Они тогда с братом, вернувшись в Нерчинск, немедля и с облегчением покинули Кандинского. Нет, не из страха перед Муравьевым, а в душевном согласии с его проповедью! Они ушли, не дожидаясь дня позора и разорения старого Хриса. На три с половиной миллиона долговых расписок были перечеркнуты одним взмахом неумолимой руки генерал-губернатора! Не все возрадовались решительному действию Муравьева. Не то чтоб Кандинского жалели. Капитал есть капитал, как бы нажит не был, — это раз. Не лезь в долги, коли без отдачи, — пункт второй. Купечеству всему срам, грязная отметина, надо было тишком, уговором. А Бутины, Зензиновы, Собашниковы, Лушниковы — те в один голос: купец не ростовщик, не кубышник, не должен во вред бедноте.
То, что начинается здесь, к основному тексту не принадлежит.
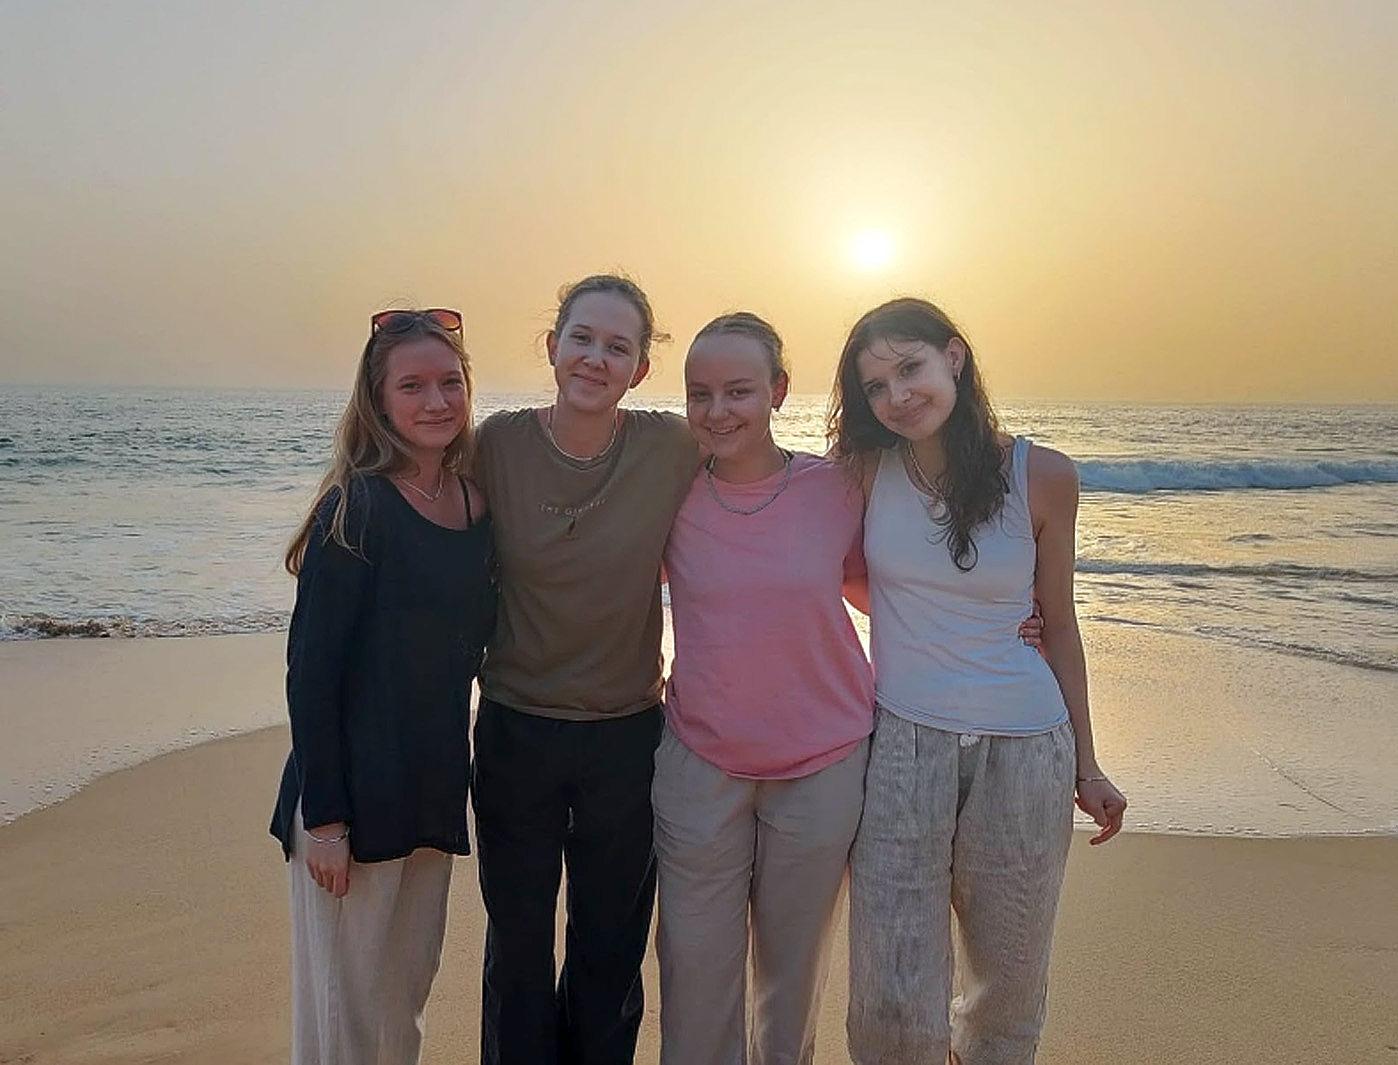 fyra unga kvinnor på en strand, fotade mot en solnedgång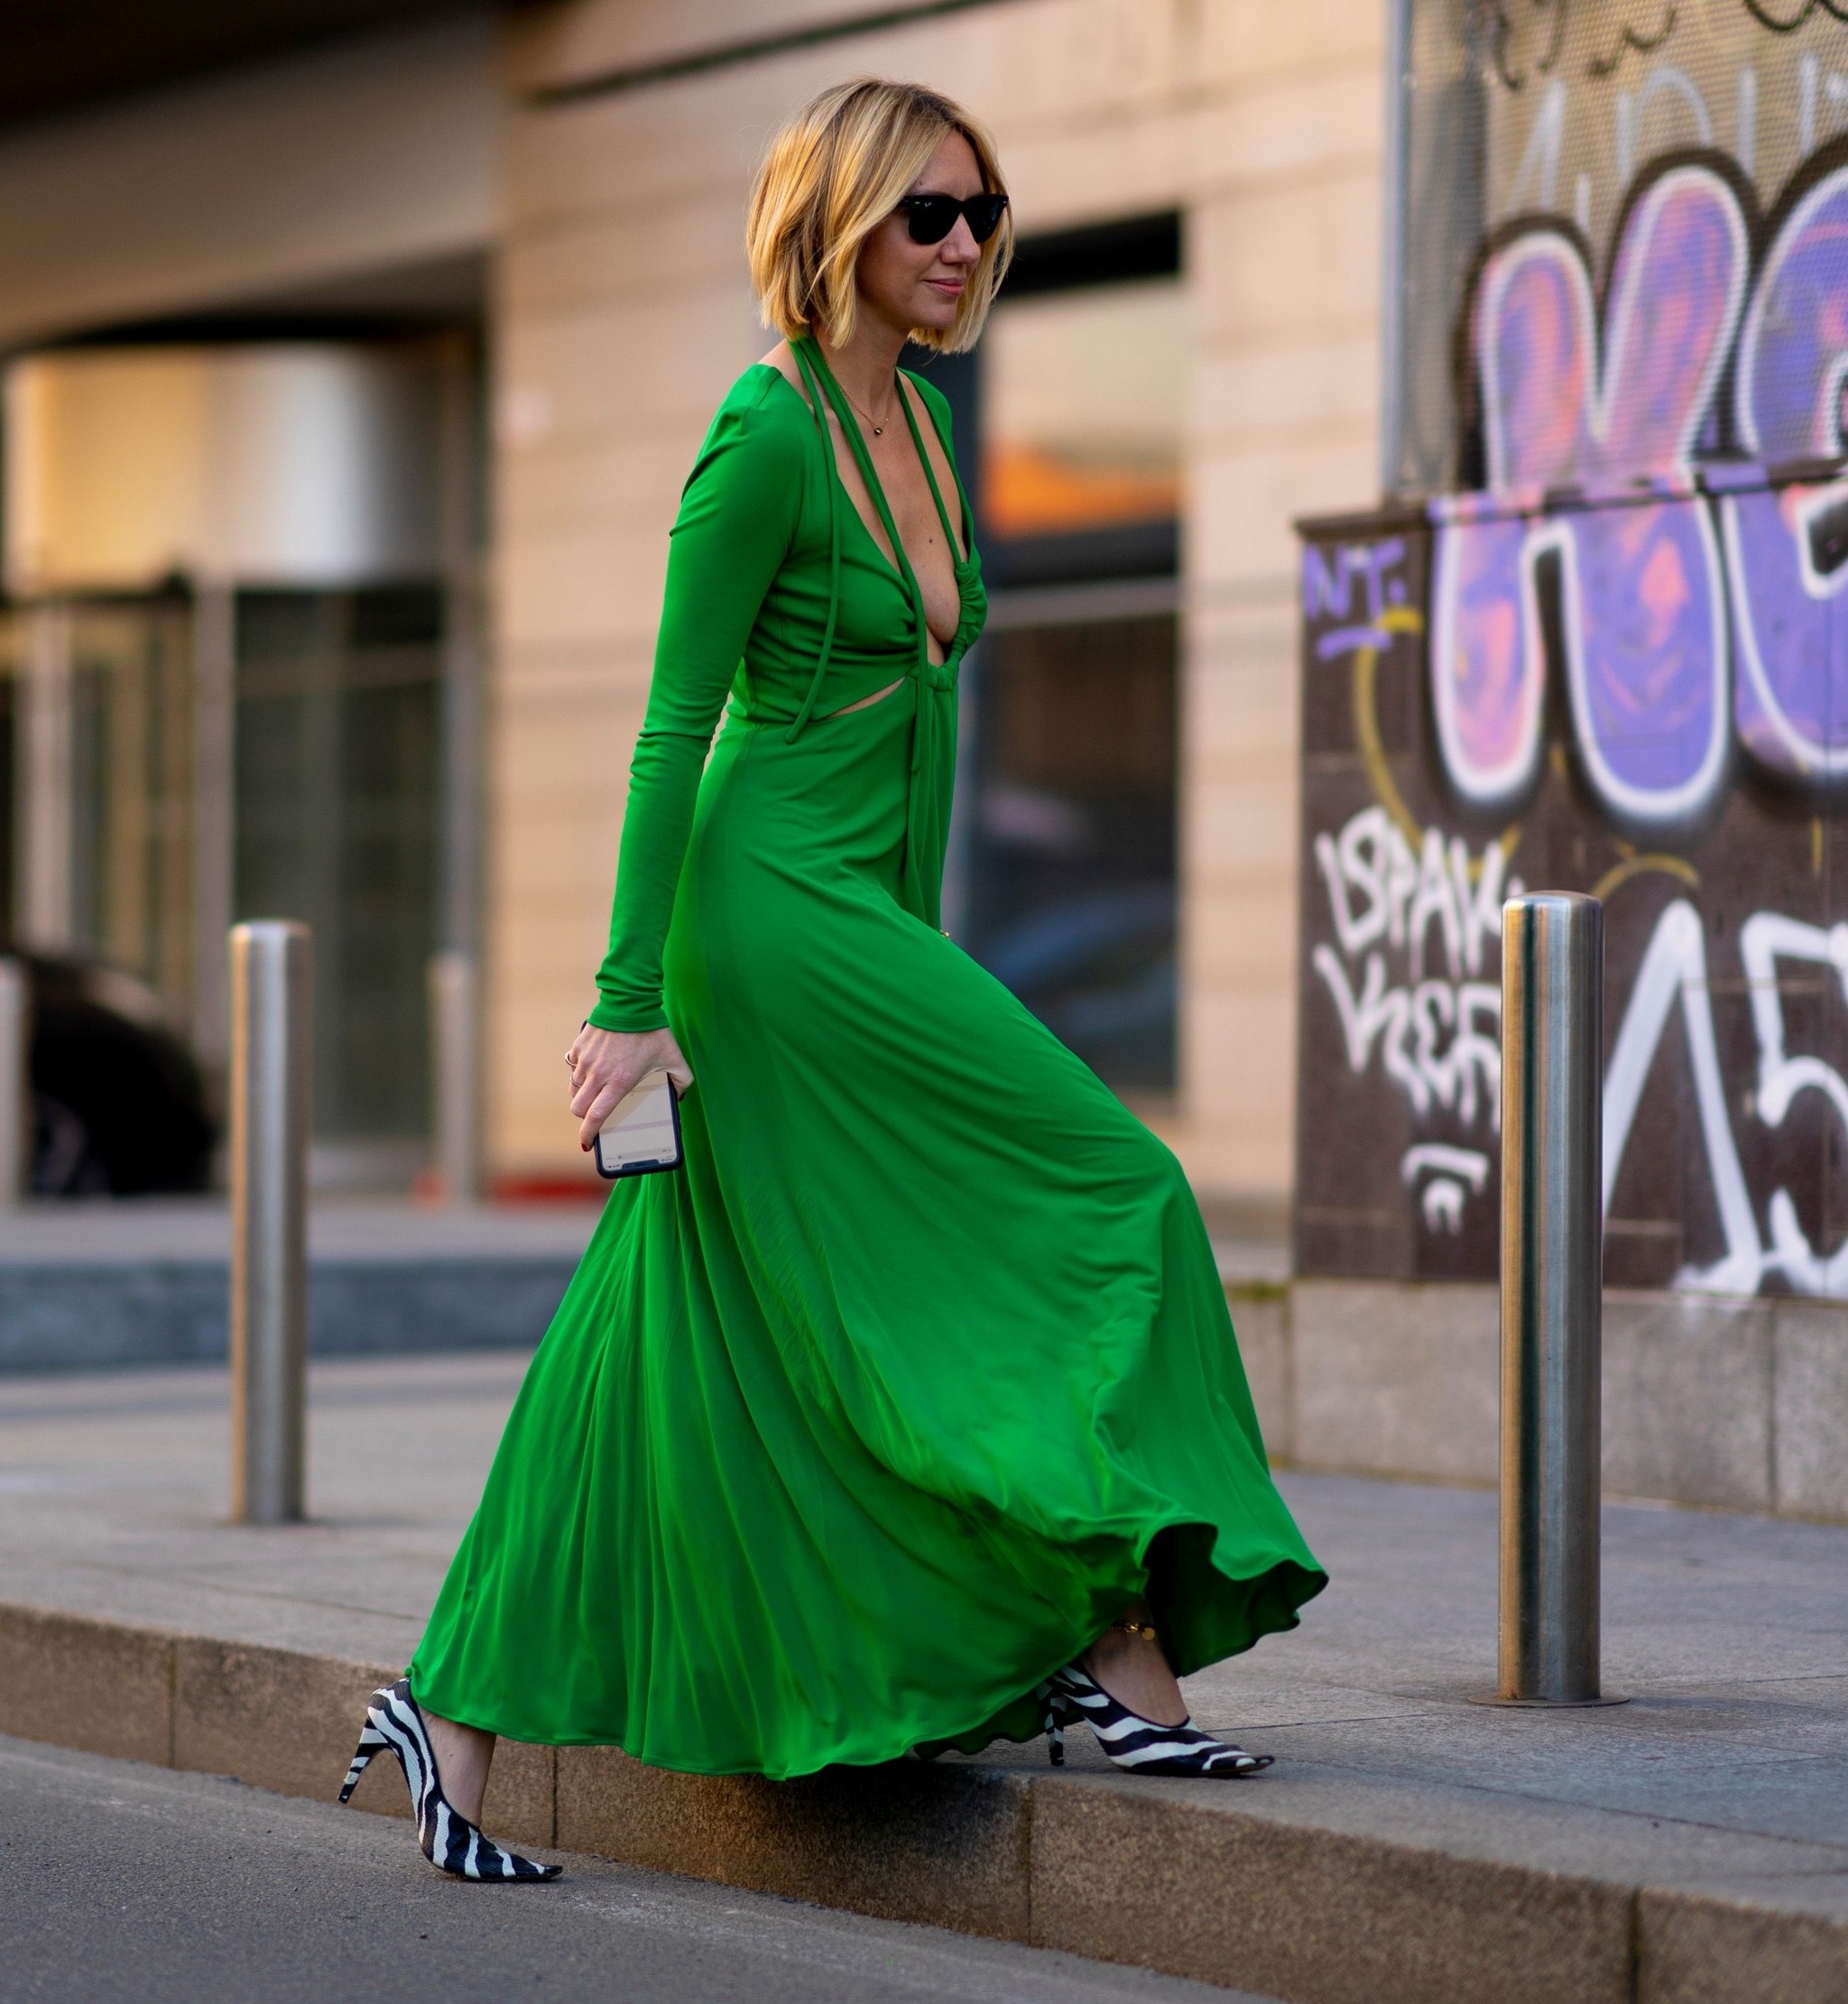 Los 5 vestidos más deseados del street style están ya en Zara | Telva.com

Как ей быть-то, когда то засуха, то половодье, то бездорожье, то болезни, то смерть кормильца, то пожары — как же ей не одолжаться, негоже людям шею плетью захлестывать. Вон сколько горемык и страдальцев уберегла от нищеты и голода муравьевская беспощадная рука!
Зензинов почти вплотную подогнал мерина к бутинской кобыле, тропа еле-еле на двоих.
— Кто Муравьева затронет, тот со мной столкнется! Уж одно то, что не погнушался моим скромным домом, простой деревенской едой и моими повседневными занятиями. Это еще в первый приезд свой. Я-то ему, обрадовавшись, как из мешка вытряхиваю: и о промысле тарбаганьем, и про выращивание табака в окрестных деревнях, и про улов белки, и особливо насчет благоприятства природы здешнему скотоводству, как фундаменту благосостояния края — даже кормовой вострец упомянул — «элюмус» по-латыни — он степи населяет, к югу, по Шилке и Онону. И разноцветные камни показал, что в Урульгинских горах собрал, и звероловство к северу от Яблоневого не забыл… А уж про ундинских хлебопашцев наших, трудолюбивых пахарей — татауровских и доронинских малороссов, взахлеб поэму прочитал! Боялся остановит, а он слушает! Да как слушает-то, сударь мой! «А где сие? В каких местах? А кто именно?